▶ _YOUR TASK_: Below, find the line containing "Image of Zephyrus G15 keyboard" and the line containing "Whatsapp Marketing - Shopify Live Chat app"; reproduce exactly those two and every line between them, omitting pictures.

▶ _MATERIAL FOR THE TASK_:
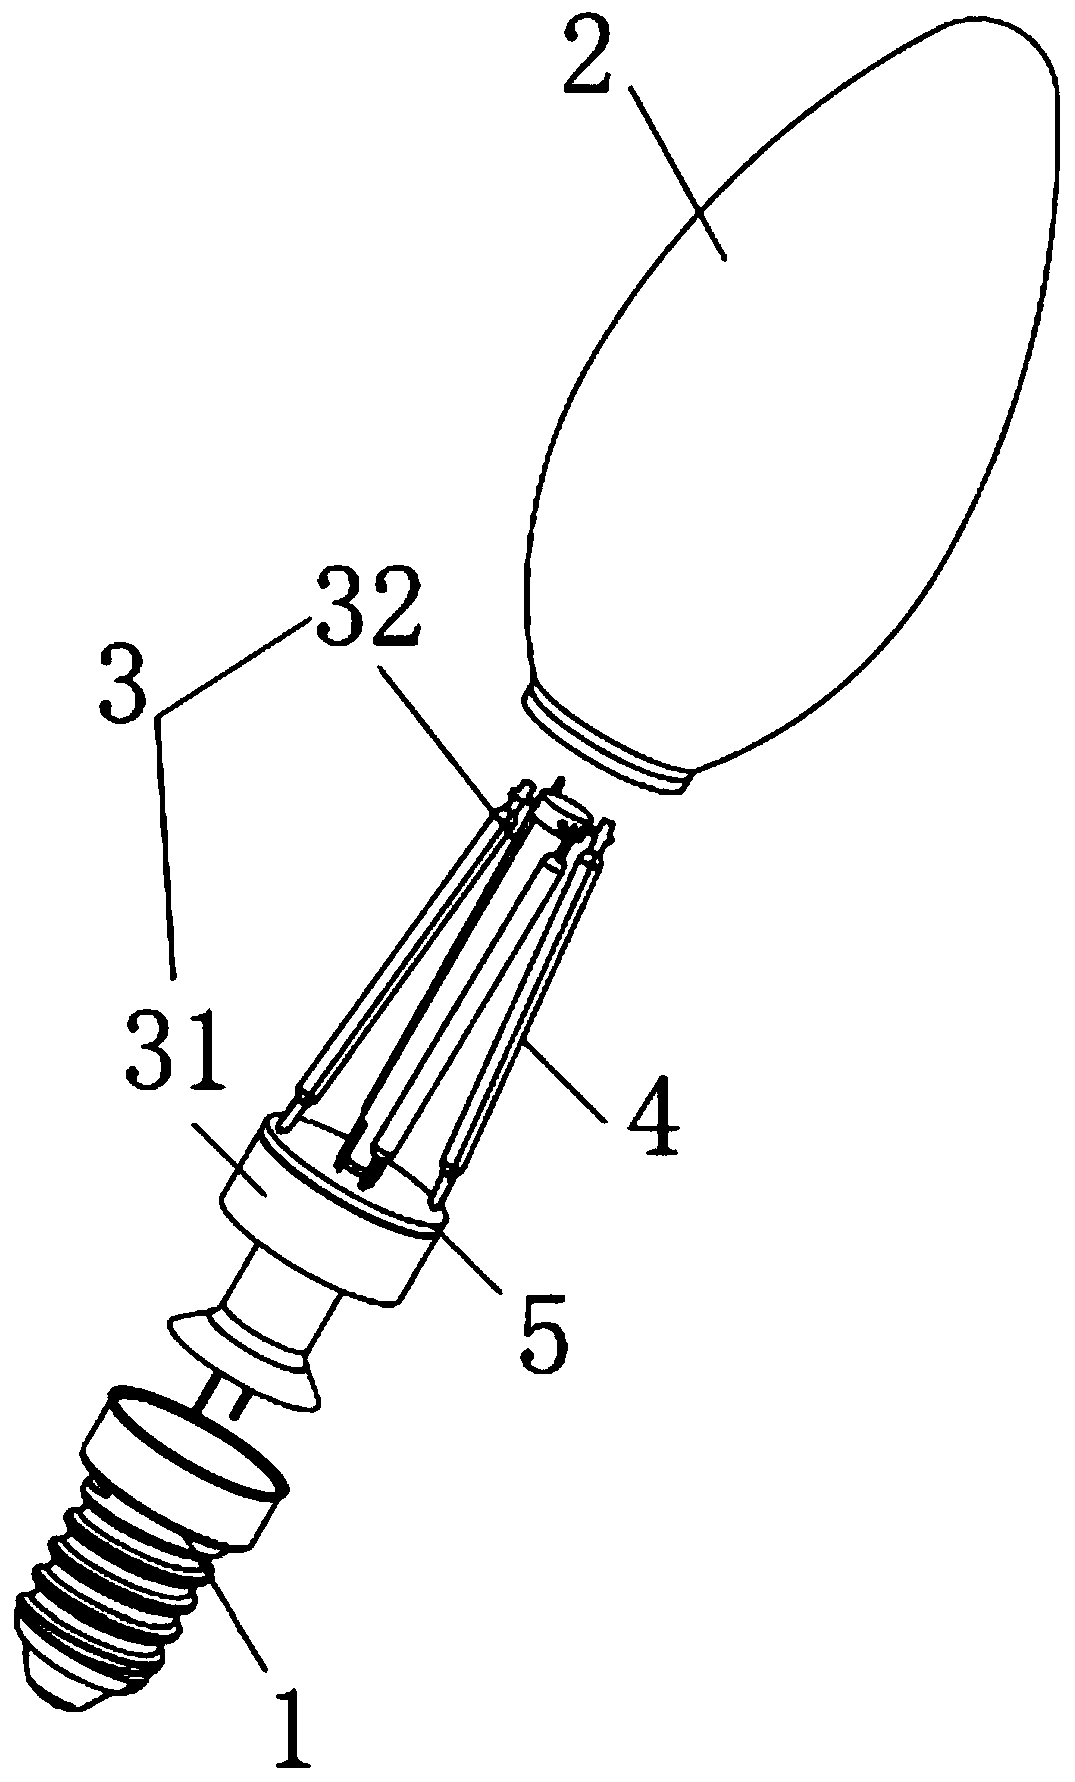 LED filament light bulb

---

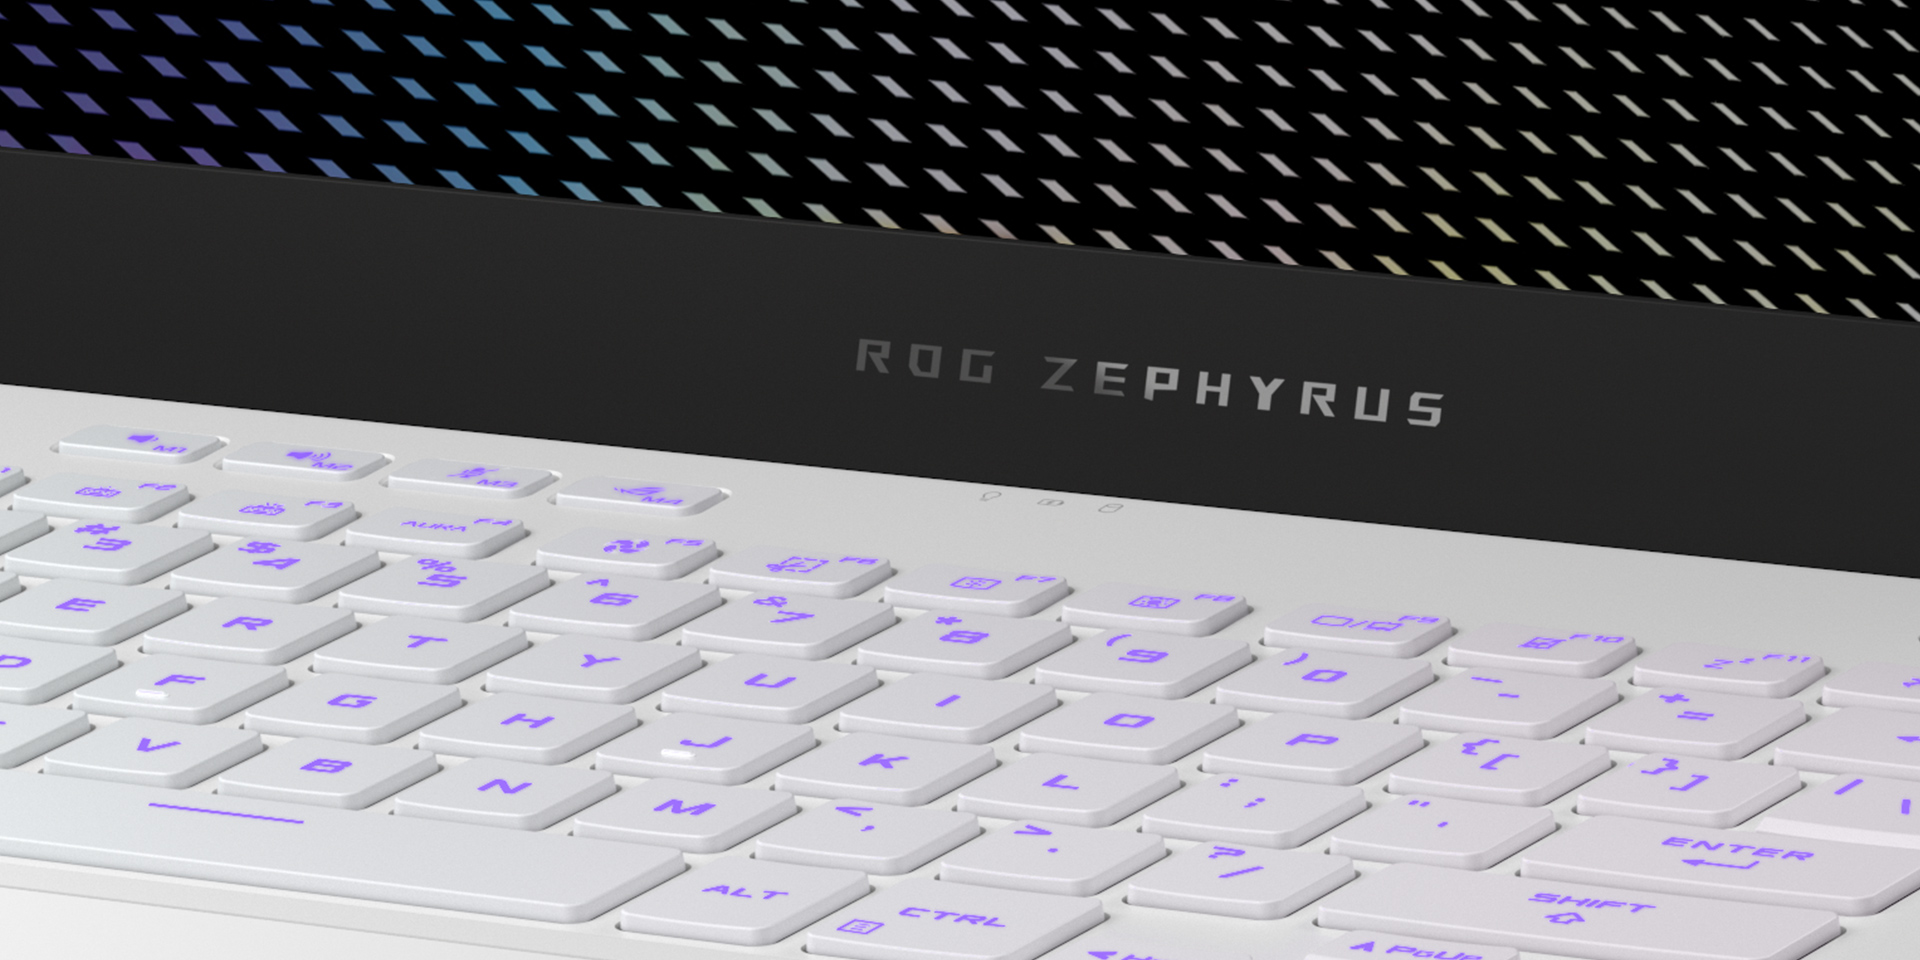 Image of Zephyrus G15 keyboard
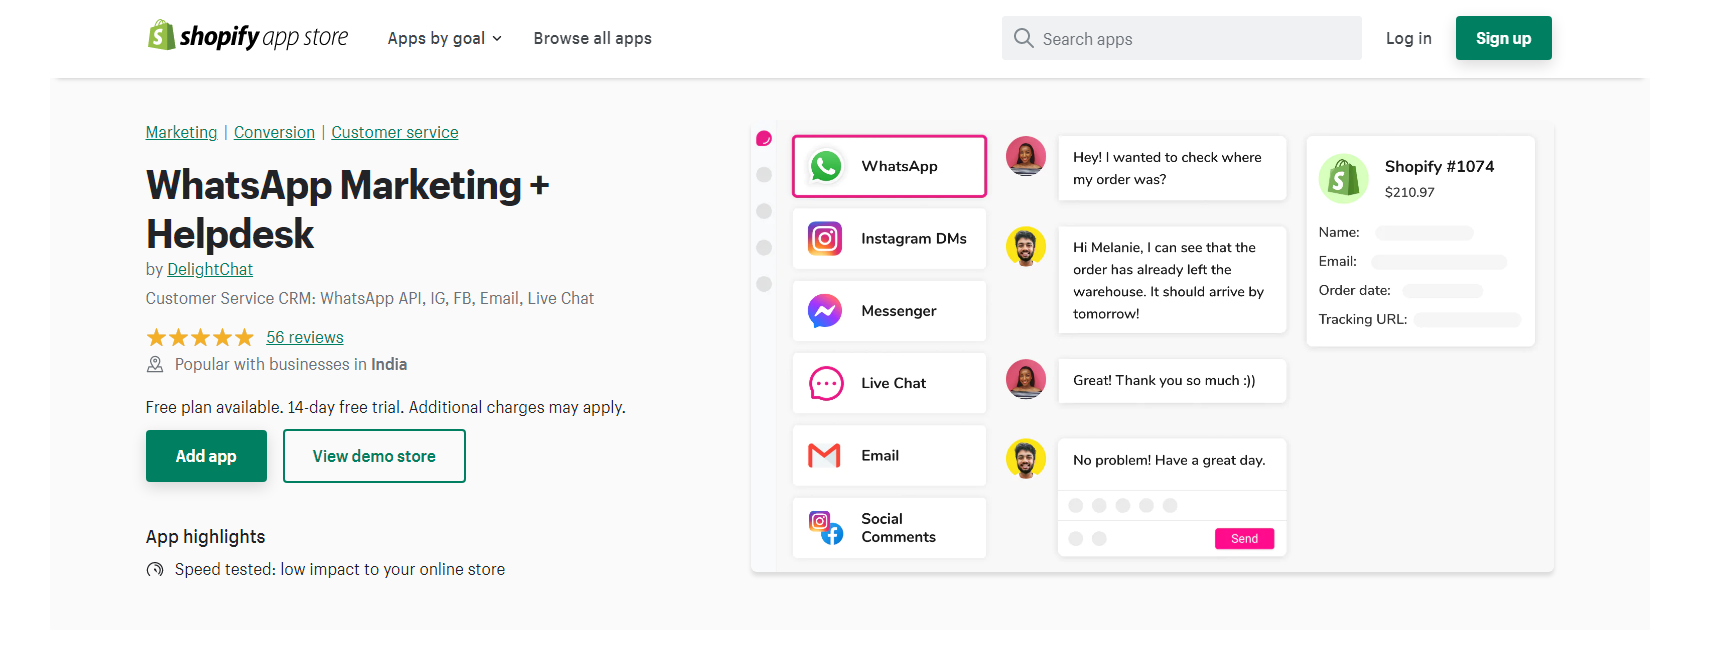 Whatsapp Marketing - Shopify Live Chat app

▶ _WRITTEN SOLUTION_:
 Image of Zephyrus G15 keyboard
 Whatsapp Marketing - Shopify Live Chat app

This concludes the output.